Sunday, September 16, 2018

Integrating My Writing into My Physical Environment

Lake Sugema lies to the north of our campsite, blue water and blue sky and the sun rising to light the lake. Last night the stars were brilliant in the sky. Thank you, a week of rain to clear the air and my rural setting to eliminate the light pollution of the city. Even with my ignorance of constellations, I could identify the Big and Little dippers and Orion's Belt. The Milky Way was a flung haze of stars in a swath across the heavens.

My wife and I are here for five days, camping in our tiny trailer, she working from her mobile office and I writing in a variety of formats--daybook, text app, and online. I took a small hike this morning and a small nap this afternoon. I identified two varieties of oak, bur and southern red, this morning, sketched a bit with pen and colored pencils.

I've always enjoyed learning more about the world around me. I'm tired of knowing no more than "that's a tree," or maybe "that's a deciduous tree." Robert Hass's poetry book Field Guide is one of my favorites, a creative interaction with the natural world. I also love Donald Hall's Kicking the Leaves, especially the series of poems where he writes a poem for each season from the perspective of a bluff overlooking a river.

Today I saw a magnificent tree with wide branching limbs, some as huge as the trunks of lesser trees. I knew from the leaves that it was an oak. Pulling out my Peterson First Guide to Trees of North America, I discovered there are over twenty variety of oak in North America. I knew the tree wasn't one of the evergreen oak varieties, and by comparing the leaves and acorns with the book's illustrations, I determined the oak tree was a bur (mossycup) oak because of the shape of its leaves and the fringe of elongated scales (the burs) on the acorn cups. Having identified the tree, I drew a sketch of the leaves and acorn in my daybook, including coloring with my dozen Crayola pencils. Great fun! Later I identified a southern red oak, its distinguishing features the thin shape of the leaf and the shallow shape of the acorn cup. A page in my daybook was dedicated to a leaf rub from the tree, followed by a written account in the daybook of my adventure. Not exactly Lewis and Clark, but fun research culminating in a better understanding of the trees around me and a unifying of my immediate personal life with my writing life.

Now as I walk the trail and view the trees, I am aware of the many varieties of trees, the different leaf shapes and textures of the bark on the trunks. Such intellectual analysis isn't the only way to interact with the natural world, of course, but stimulating my intellect doesn't diminish my emotional appreciation or spiritual connection.

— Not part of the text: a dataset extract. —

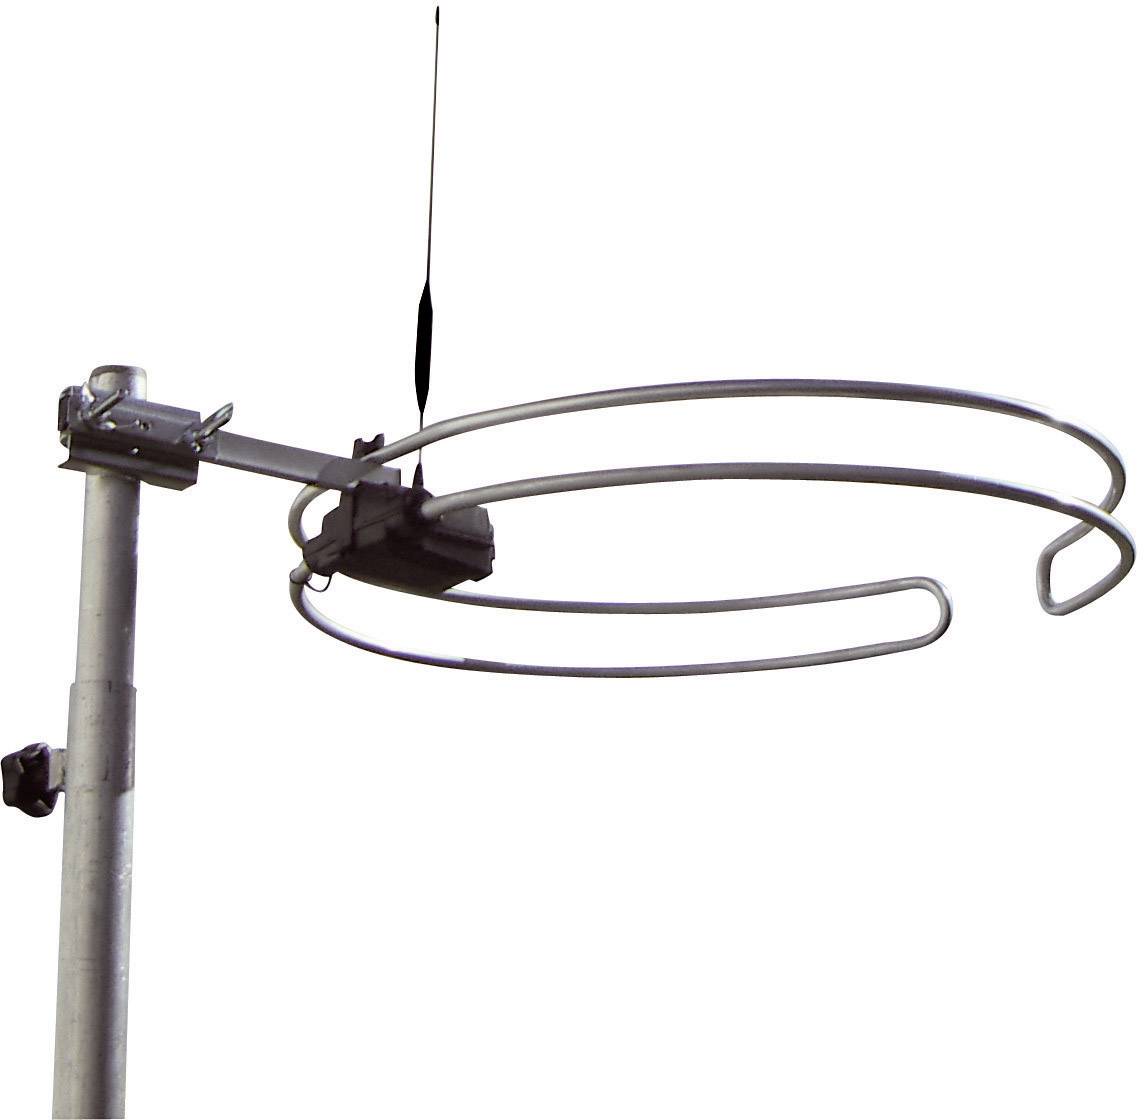 Wittenberg Antennen Multiband WB 2345-2 Passive DVB-T/T2

I want to see the forest and the trees. Learning the names of the trees is a gesture of respect, an act of kinship. If you fear I might now describe how I hugged the trees, fear not. I am cautious. My wife and I also identified poison ivy turning read as we move toward fall. I have to be careful. How can I type if my hands are blistered from shaking hands with our colorful cousin?

1 comment:

  1. As an avid gardener and nature lover I am right there with you. I want to be able to identify the birds as well. Enjoy.